2. The system of claim 1, wherein the detection module further comprises a first level sensor and a second level sensor; the first liquid level sensor is arranged on the side surface of the bottom of the lifting mechanism, and the second liquid level sensor is arranged on the side surface of the top of the lifting mechanism; the first liquid level sensor and the second liquid level sensor are both electrically connected with the PLC.

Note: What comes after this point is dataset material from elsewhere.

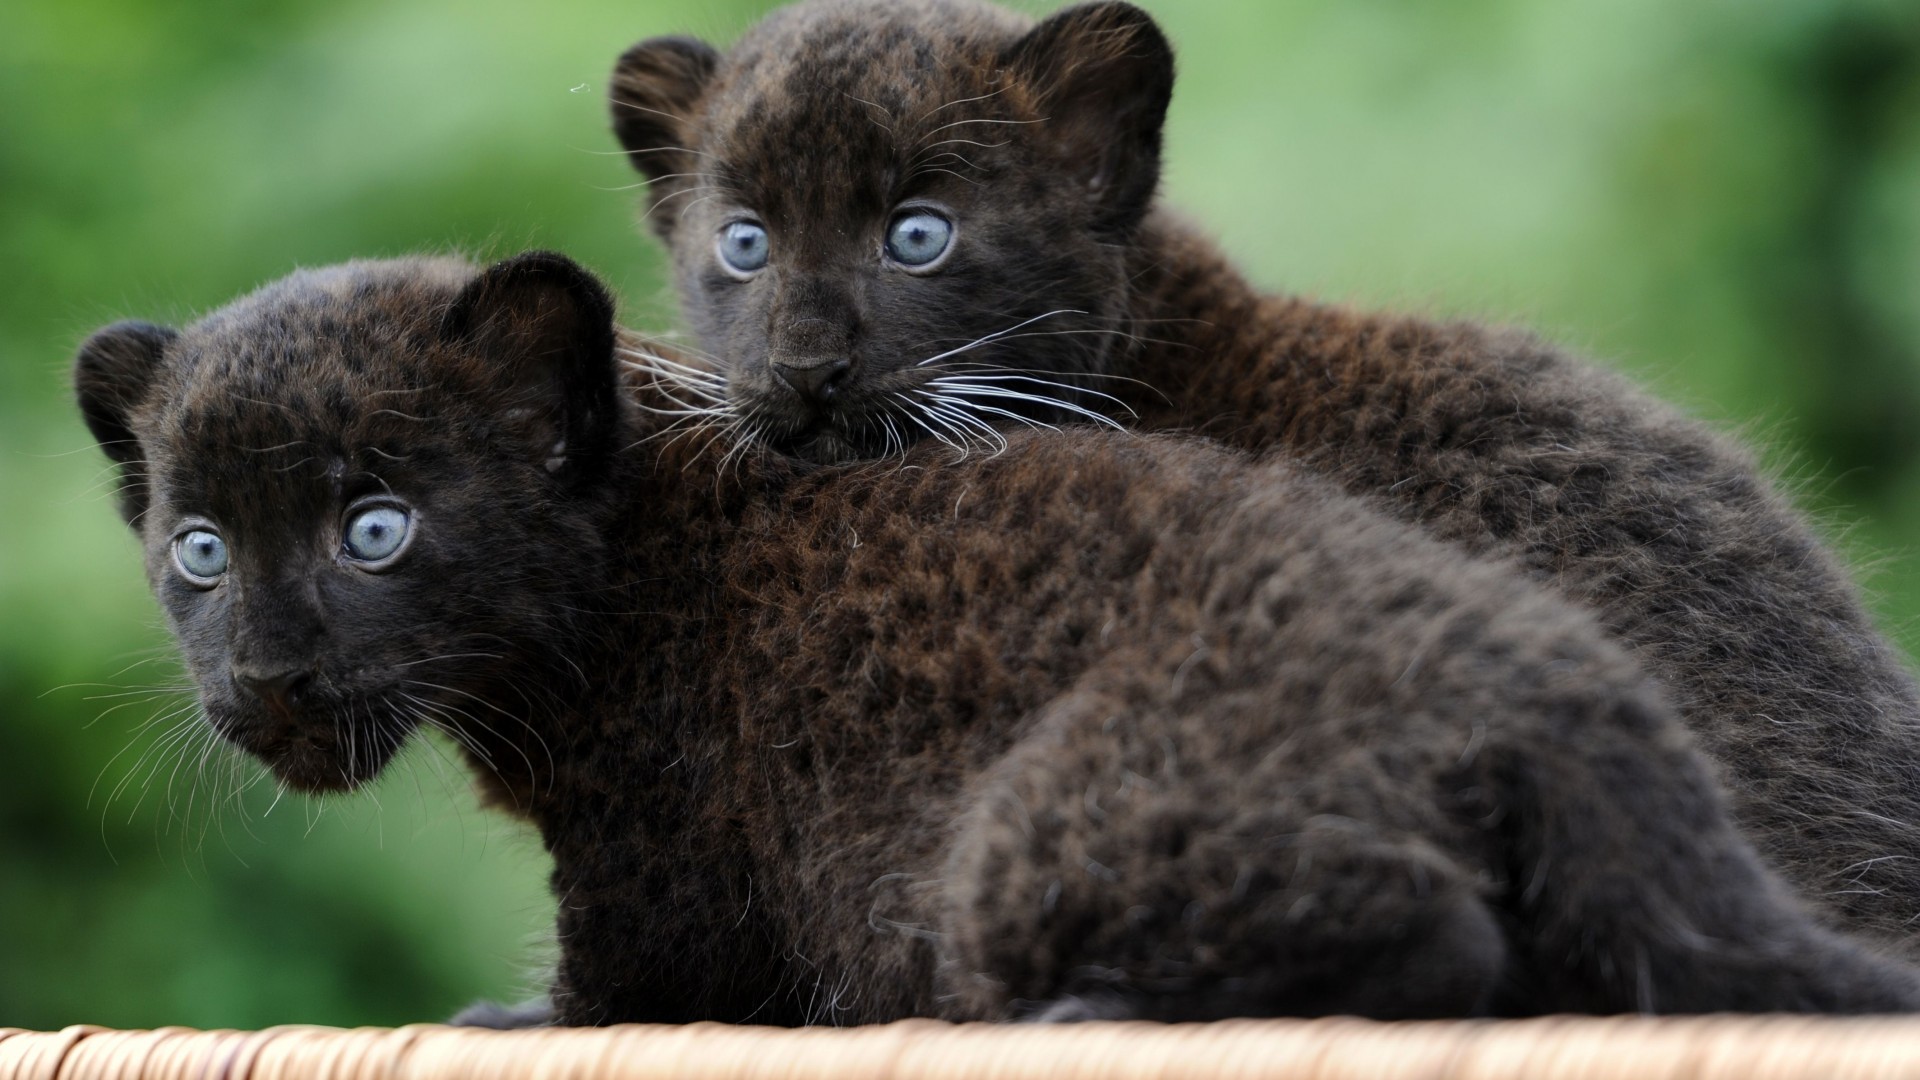 пантера, детеныш, кошки, котята, черная кошка, мех, голубые глаза, природа, Panther, Cub, Cats, Kittens, black cat, fur, blue eyes, nature (horizontal)

3. The automobile anti-flooding alarm system according to claim 1 or 2, wherein the rainfall sensor is arranged on the automobile roof, the front and rear automobile covers or the automobile glass; the four protection modules are respectively arranged at the positions, close to the wheels, of the automobile chassis, the telescopic baffle with the second distance sensor is arranged on the outer side of the wheels, and the telescopic baffle without the second distance sensor is arranged on the inner side of the wheels; the PLC controls a first driving motor and a second driving motor according to control signals of the first balancing module and the second balancing module; when the automobile is in a left-leaning state, the first driving motor rotates forwards, the automobile is in a right-leaning state, and the first driving motor rotates backwards; when the automobile is in an uphill state, the second driving motor rotates forwards, and when the automobile is in a downhill state, the second driving motor rotates backwards; the PLC controls the first telescopic mechanism, the second telescopic mechanism, the third telescopic mechanism and the fourth telescopic mechanism according to control signals of the third balance module and the fourth balance module; when the automobile is in an uphill state, the first telescopic mechanism and the second telescopic mechanism extend, and the third telescopic mechanism and the fourth telescopic mechanism shorten; when the automobile is in a downhill state, the first telescopic mechanism and the second telescopic mechanism are shortened, and the third telescopic mechanism and the fourth telescopic mechanism are extended; when the automobile is in a left-leaning state, the second telescopic mechanism and the fourth telescopic mechanism extend, and the first telescopic mechanism and the third telescopic mechanism shorten; when the automobile is in a right-leaning state, the second telescopic mechanism and the fourth telescopic mechanism are shortened, and the first telescopic mechanism and the third telescopic mechanism are extended.

4. The system according to claim 3, wherein the first balancing module, the second balancing module, the third balancing module and the fourth balancing module have the same structure, and each balancing module comprises two travel switches and a ball, the two travel switches are respectively arranged at two ends of the balancing module, and the ball is arranged between the two travel switches and freely rolls inside the balancing module; the two travel switches of the first balancing module and the third balancing module are arranged along the direction parallel to the first screw rod; and the two travel switches of the second balancing module and the fourth balancing module are arranged along the direction parallel to the second screw rod.

5. The system of claim 1, wherein the housings of the control box, the first drive motor, the second drive motor, the third drive motor, the fourth drive motor and the fifth drive motor are made of waterproof materials.